Data shown:
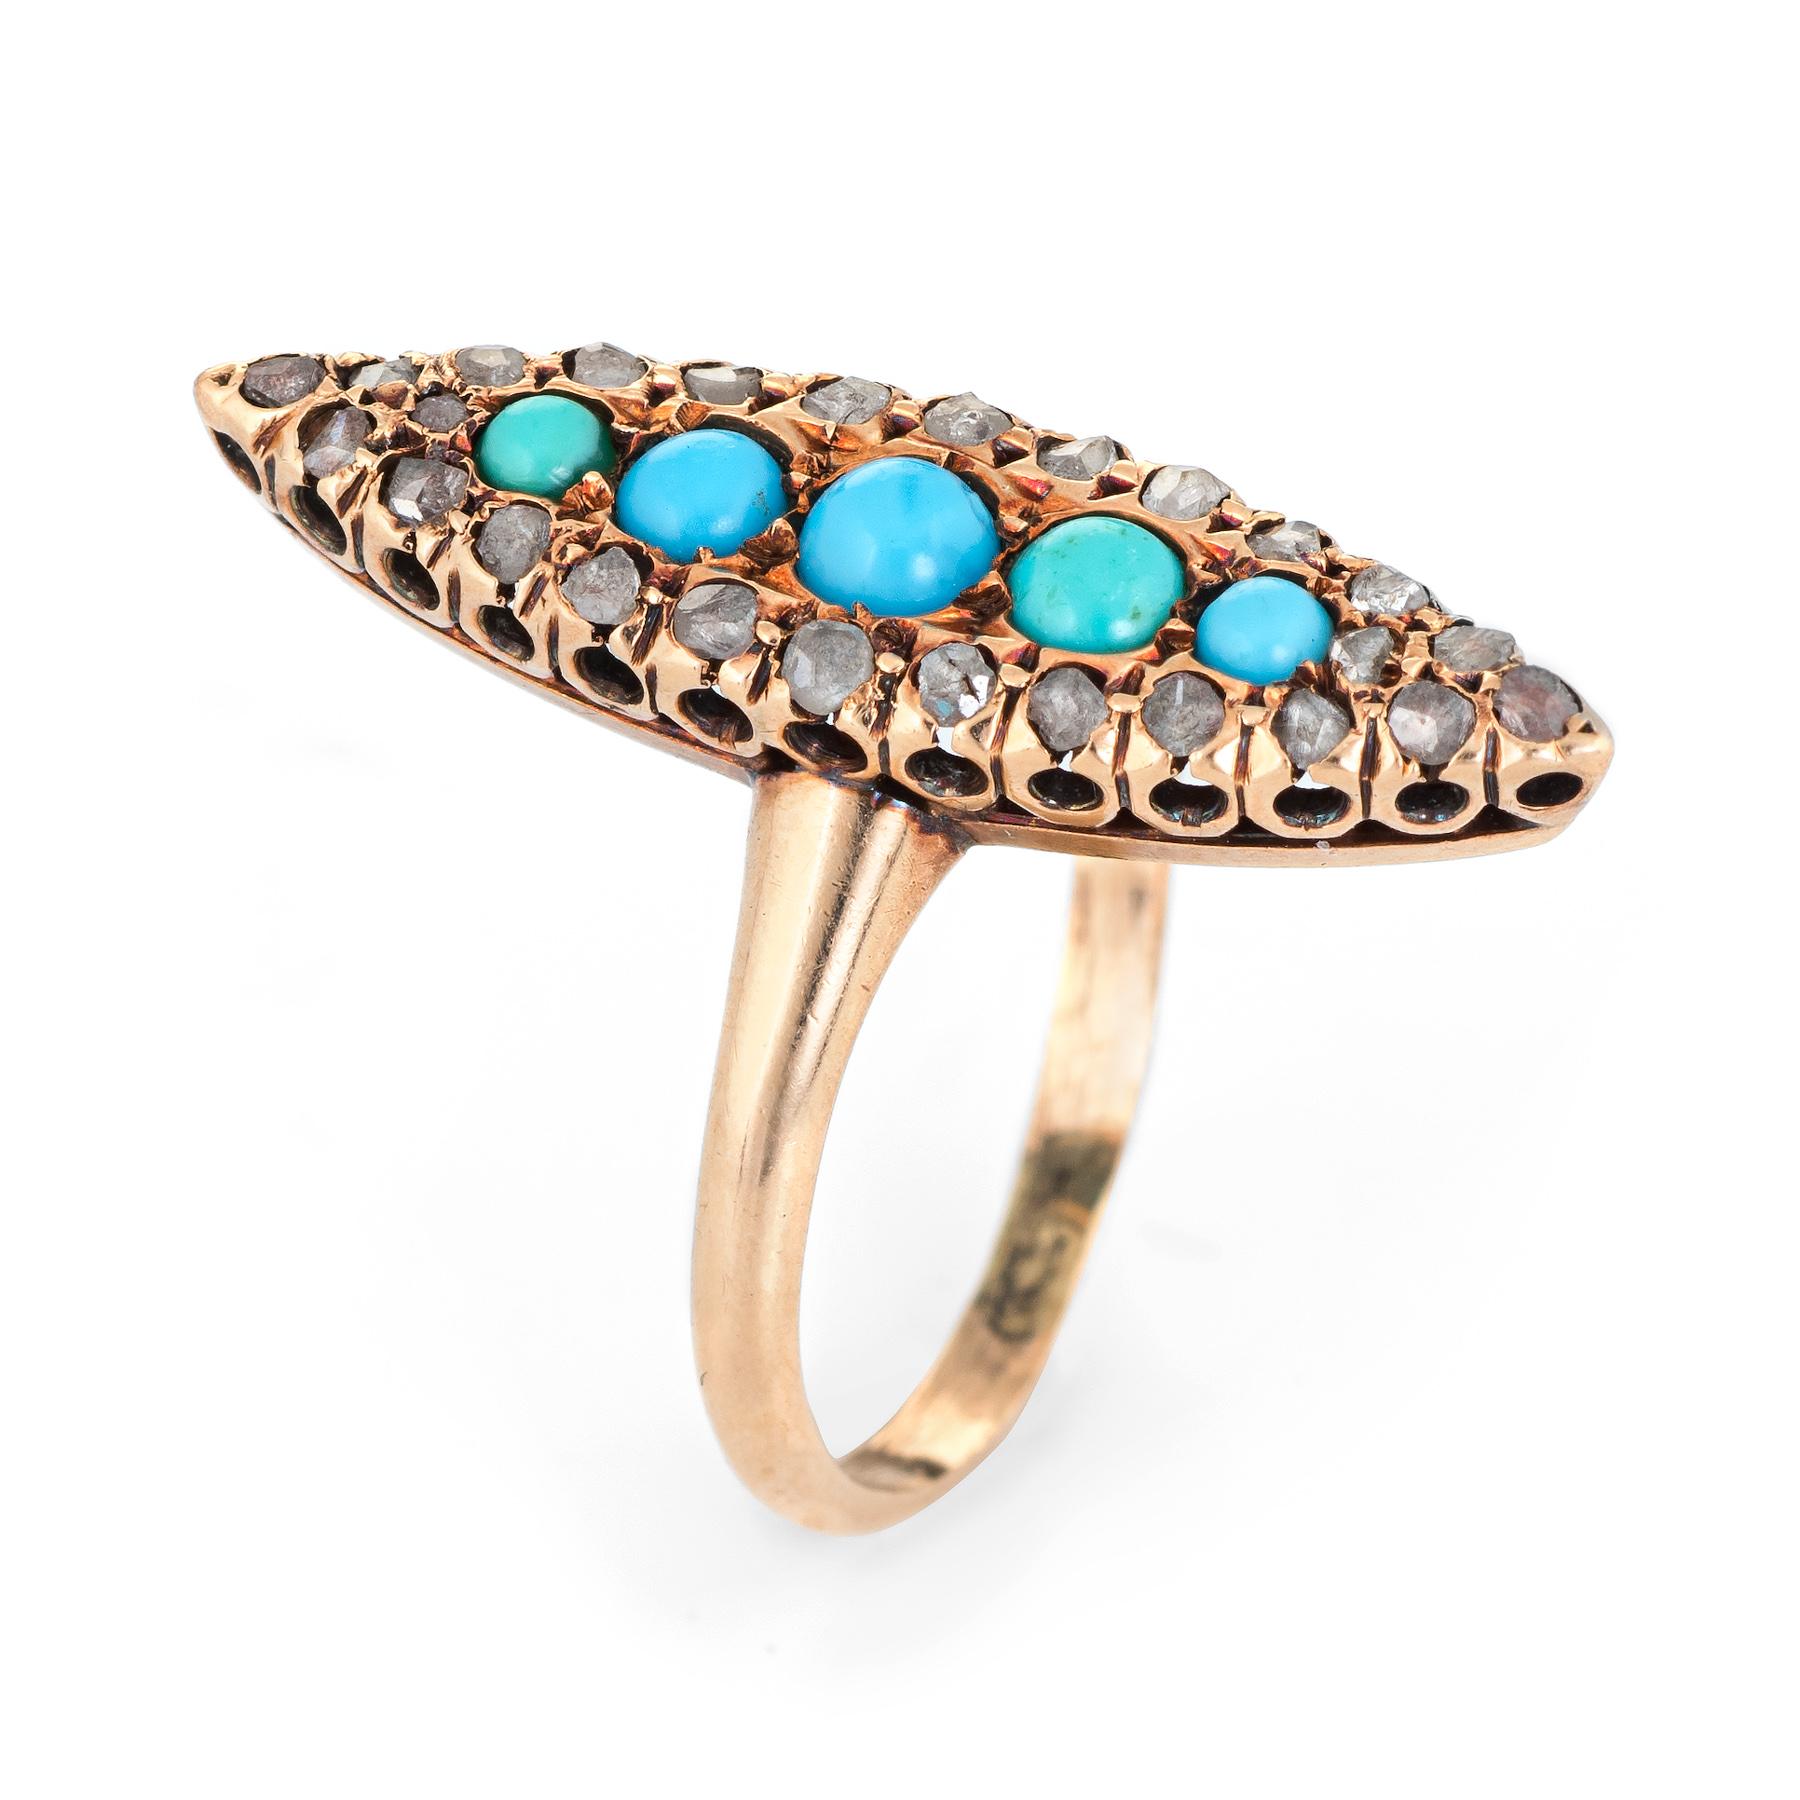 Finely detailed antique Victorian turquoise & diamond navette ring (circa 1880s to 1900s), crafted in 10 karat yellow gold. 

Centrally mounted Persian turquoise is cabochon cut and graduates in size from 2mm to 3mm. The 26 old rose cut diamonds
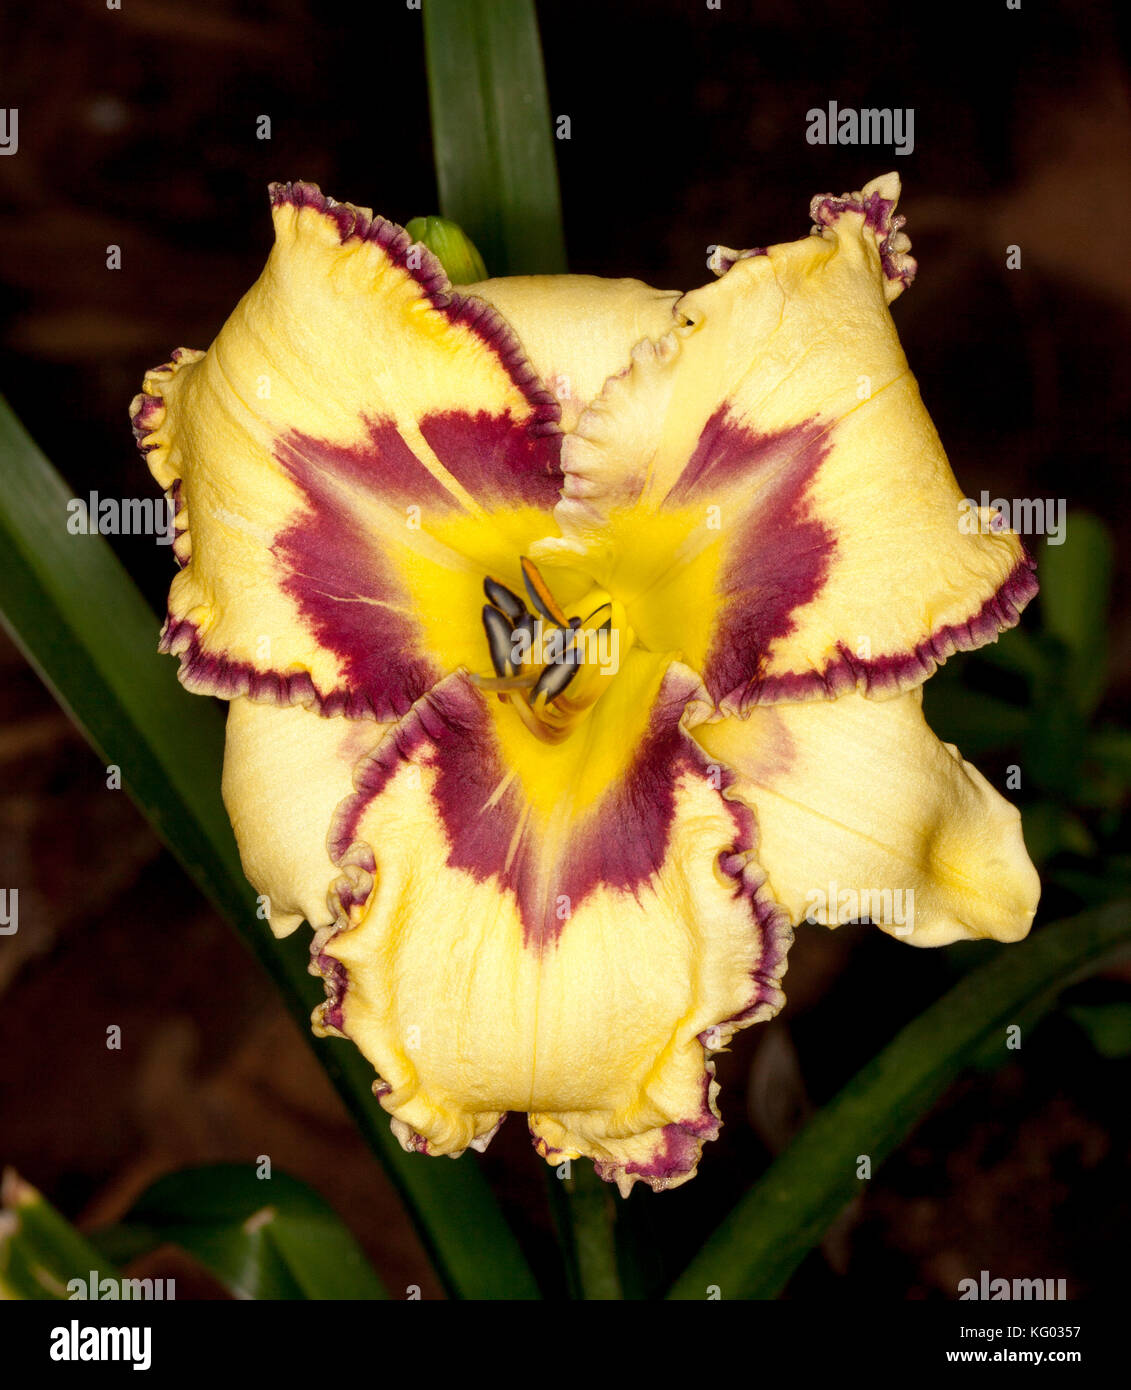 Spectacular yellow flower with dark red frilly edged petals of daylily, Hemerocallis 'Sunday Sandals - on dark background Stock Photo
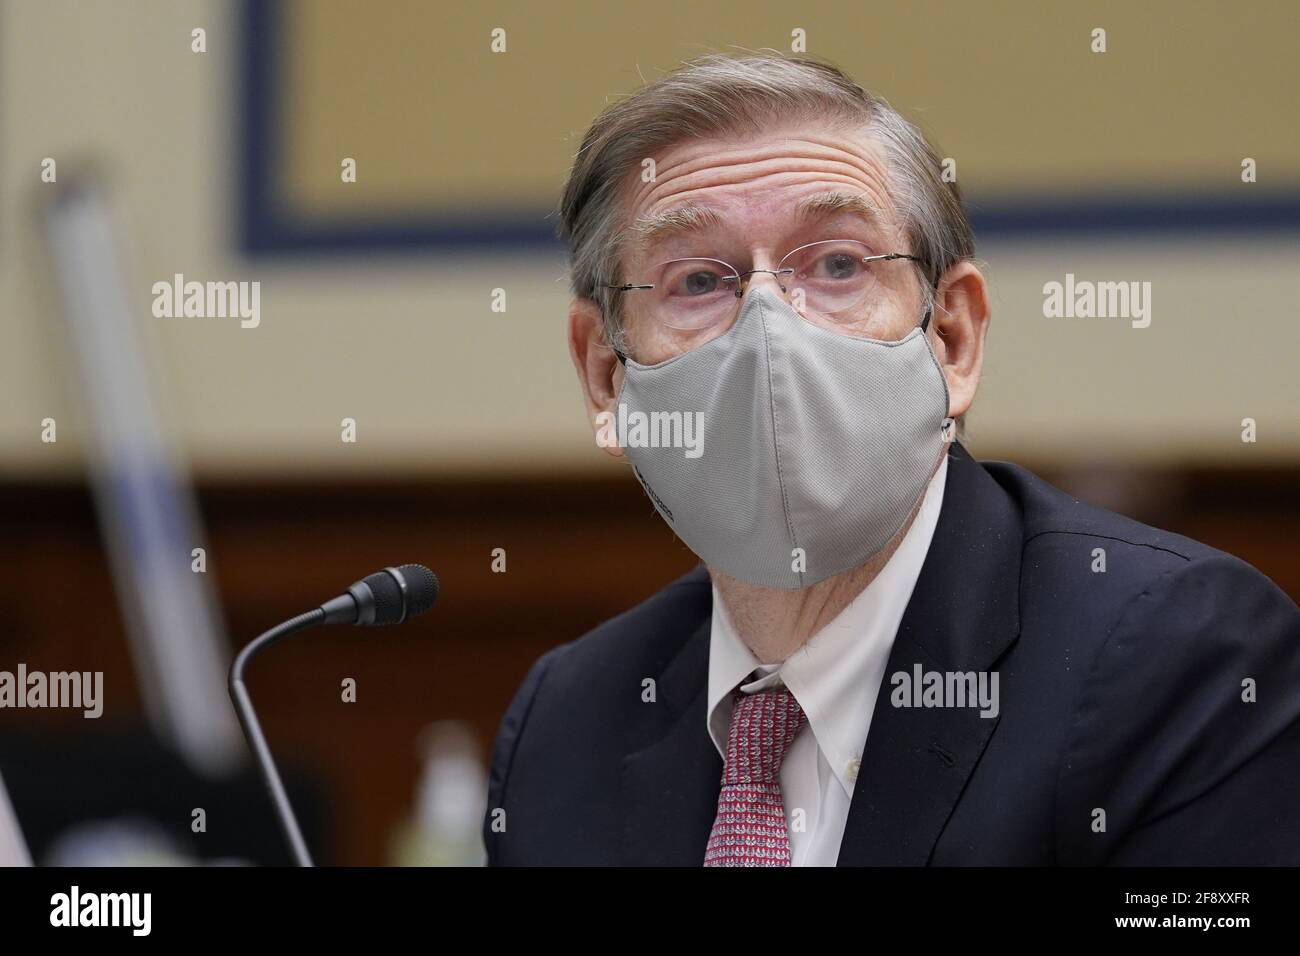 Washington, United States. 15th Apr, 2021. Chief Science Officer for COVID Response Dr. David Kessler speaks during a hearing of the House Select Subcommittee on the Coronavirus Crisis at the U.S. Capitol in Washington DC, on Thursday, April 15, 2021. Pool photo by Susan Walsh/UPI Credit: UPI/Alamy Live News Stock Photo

About this exercise: From the first line to the last, retype the data above exactly, but not its images.

Output for this exercise:
 Finely detailed antique Victorian turquoise & diamond navette ring (circa 1880s to 1900s), crafted in 10 karat yellow gold. 

Centrally mounted Persian turquoise is cabochon cut and graduates in size from 2mm to 3mm. The 26 old rose cut diamonds
 Spectacular yellow flower with dark red frilly edged petals of daylily, Hemerocallis 'Sunday Sandals - on dark background Stock Photo
 Washington, United States. 15th Apr, 2021. Chief Science Officer for COVID Response Dr. David Kessler speaks during a hearing of the House Select Subcommittee on the Coronavirus Crisis at the U.S. Capitol in Washington DC, on Thursday, April 15, 2021. Pool photo by Susan Walsh/UPI Credit: UPI/Alamy Live News Stock Photo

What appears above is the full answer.